» **Recorded information**:
===============
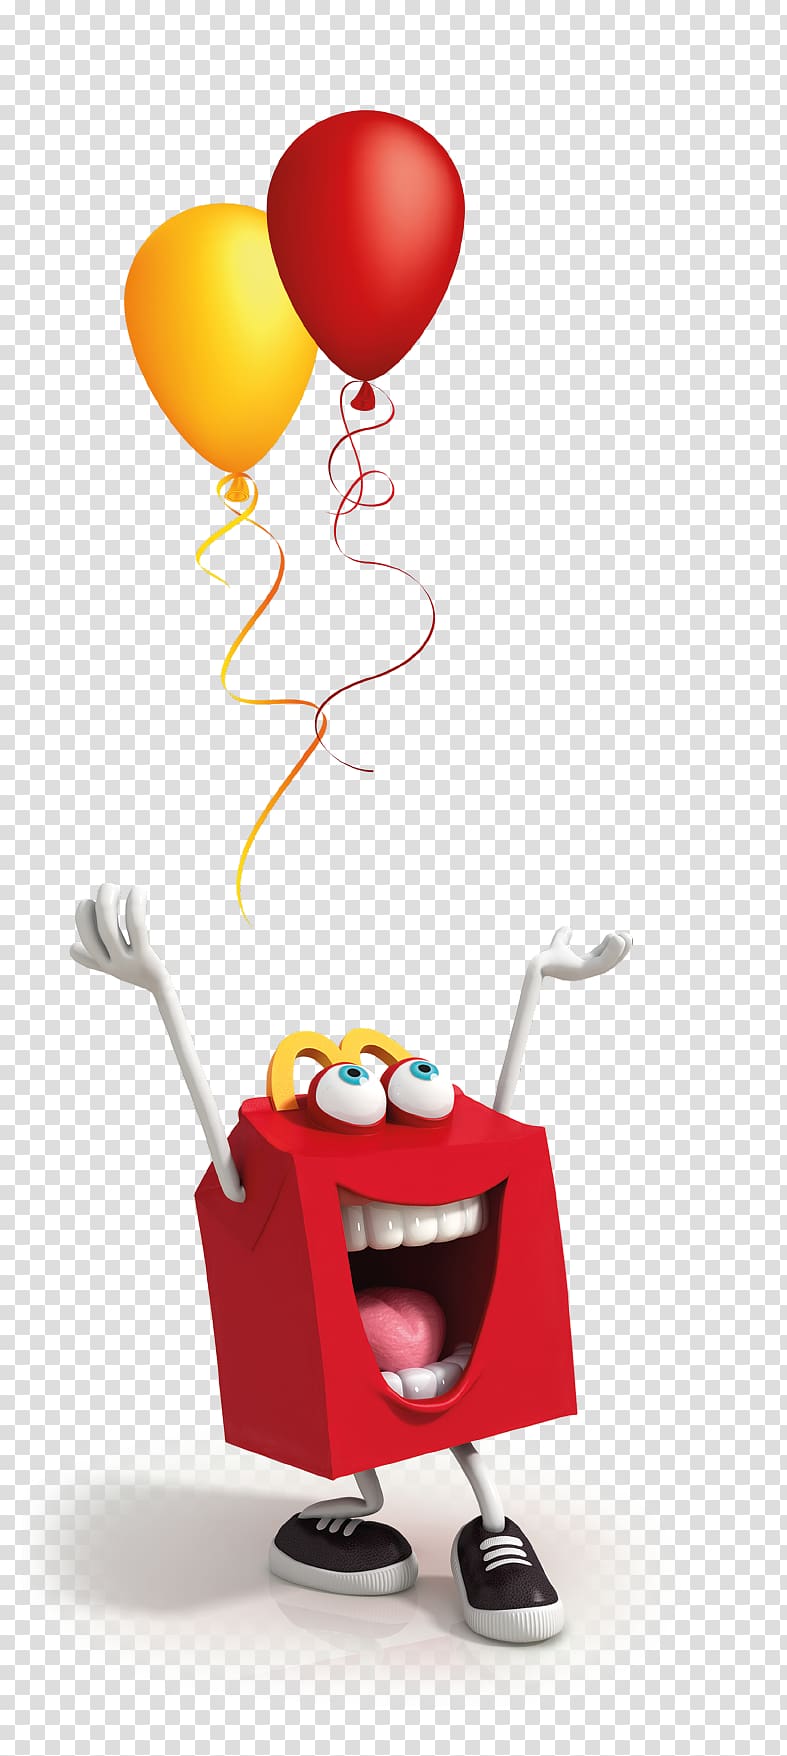 Party McDonald\'s Birthday Ronald McDonald Happy Meal, party transparent background PNG clipart
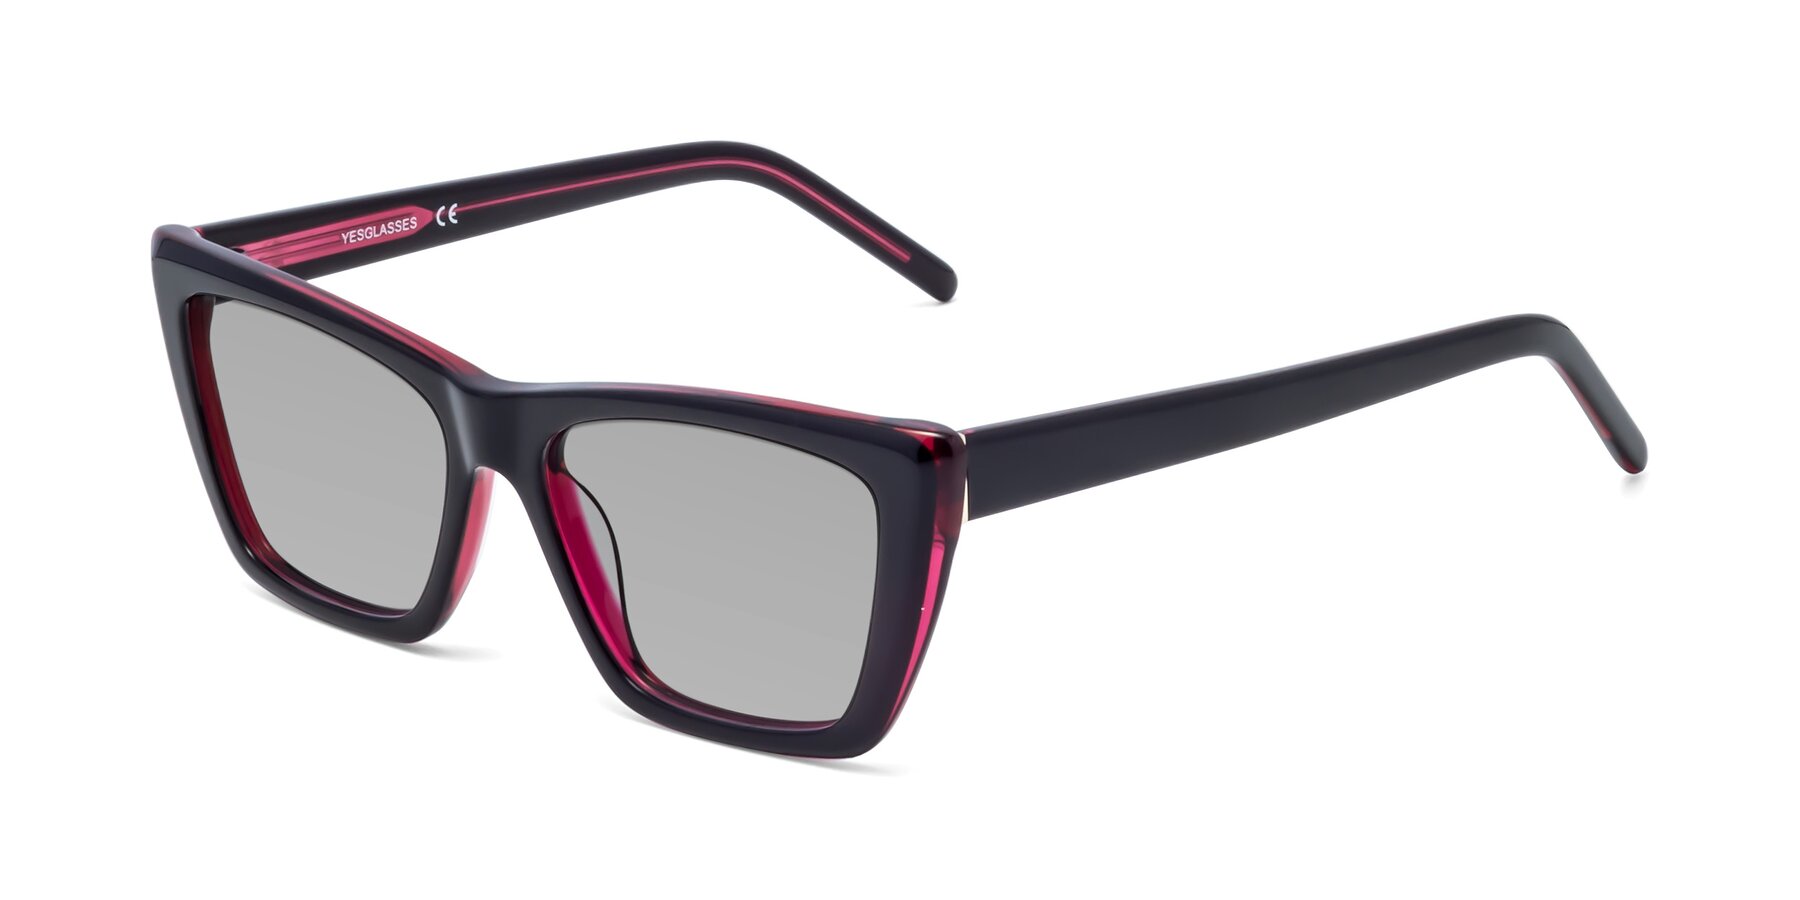 Angle of 1494 in Black-Wine with Light Gray Tinted Lenses
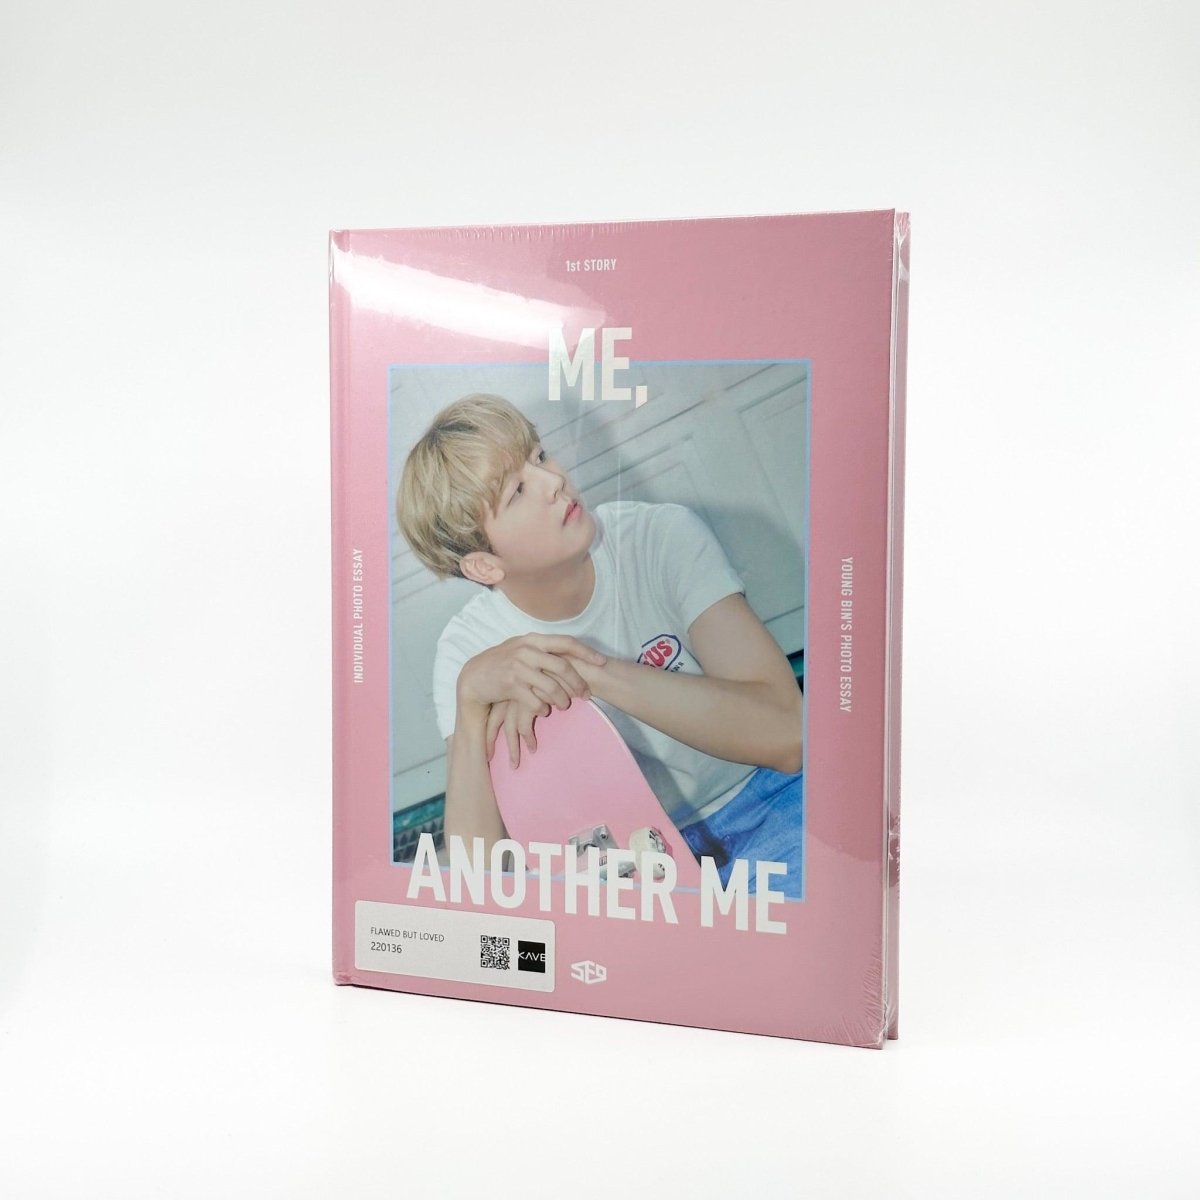 SF9 - YOUNG BIN'S PHOTO ESSAY [ME, ANOTHER ME] FLAWED 220136 - KAVE SQUARE
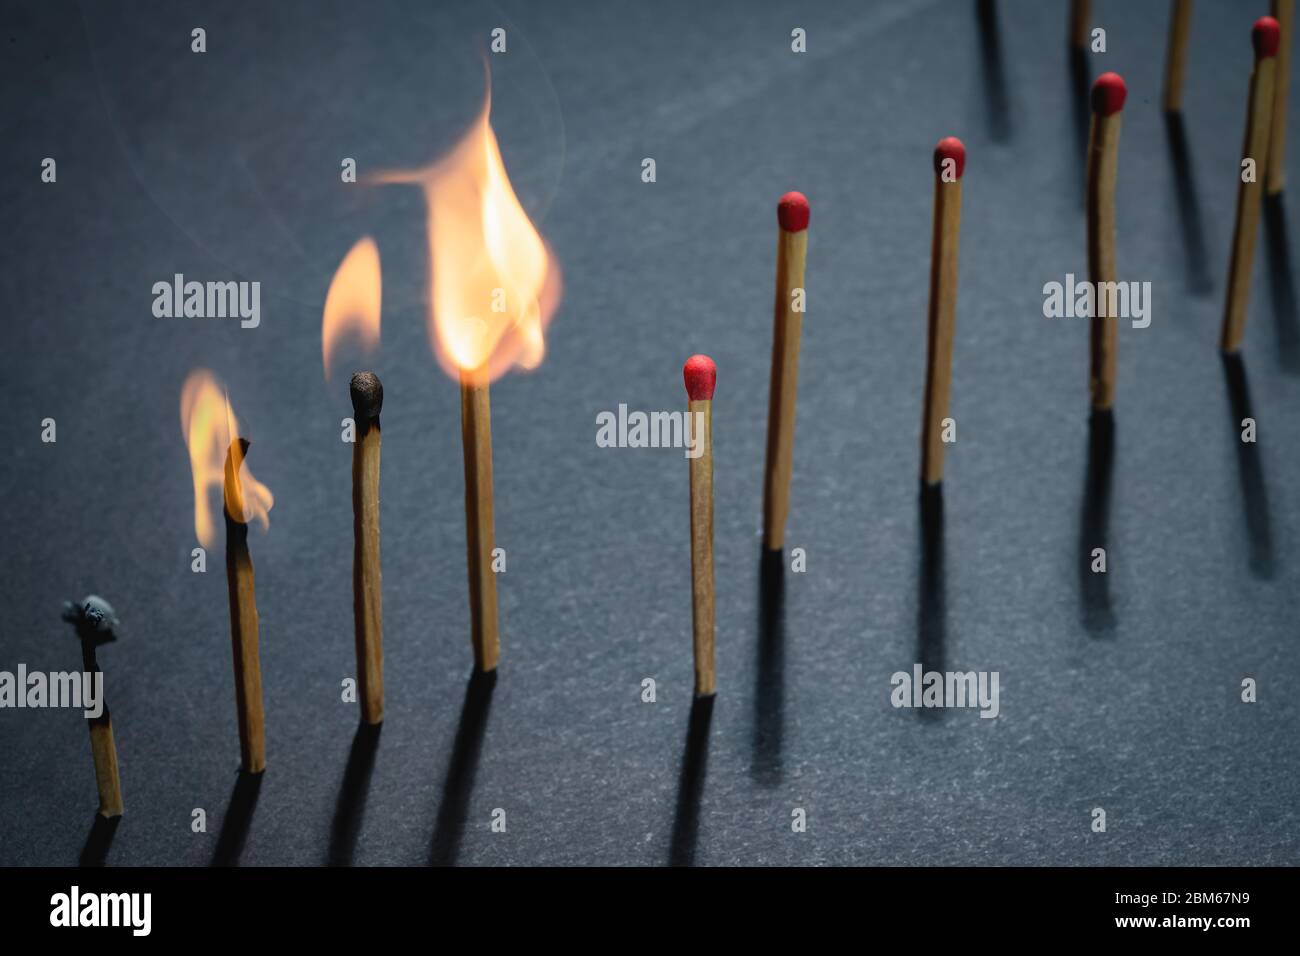 Match sticks burn, one piece prevents the fire from spreading - the concept of how to stop the covid-19 coronavirus from spreading: stay at home Stock Photo
===============
» **What to produce**:
Copy the listing above in full and exactly, but omit each picture that it holds.

» **Answer**:
 Party McDonald\'s Birthday Ronald McDonald Happy Meal, party transparent background PNG clipart
 Angle of 1494 in Black-Wine with Light Gray Tinted Lenses
 SF9 - YOUNG BIN'S PHOTO ESSAY [ME, ANOTHER ME] FLAWED 220136 - KAVE SQUARE
 Match sticks burn, one piece prevents the fire from spreading - the concept of how to stop the covid-19 coronavirus from spreading: stay at home Stock Photo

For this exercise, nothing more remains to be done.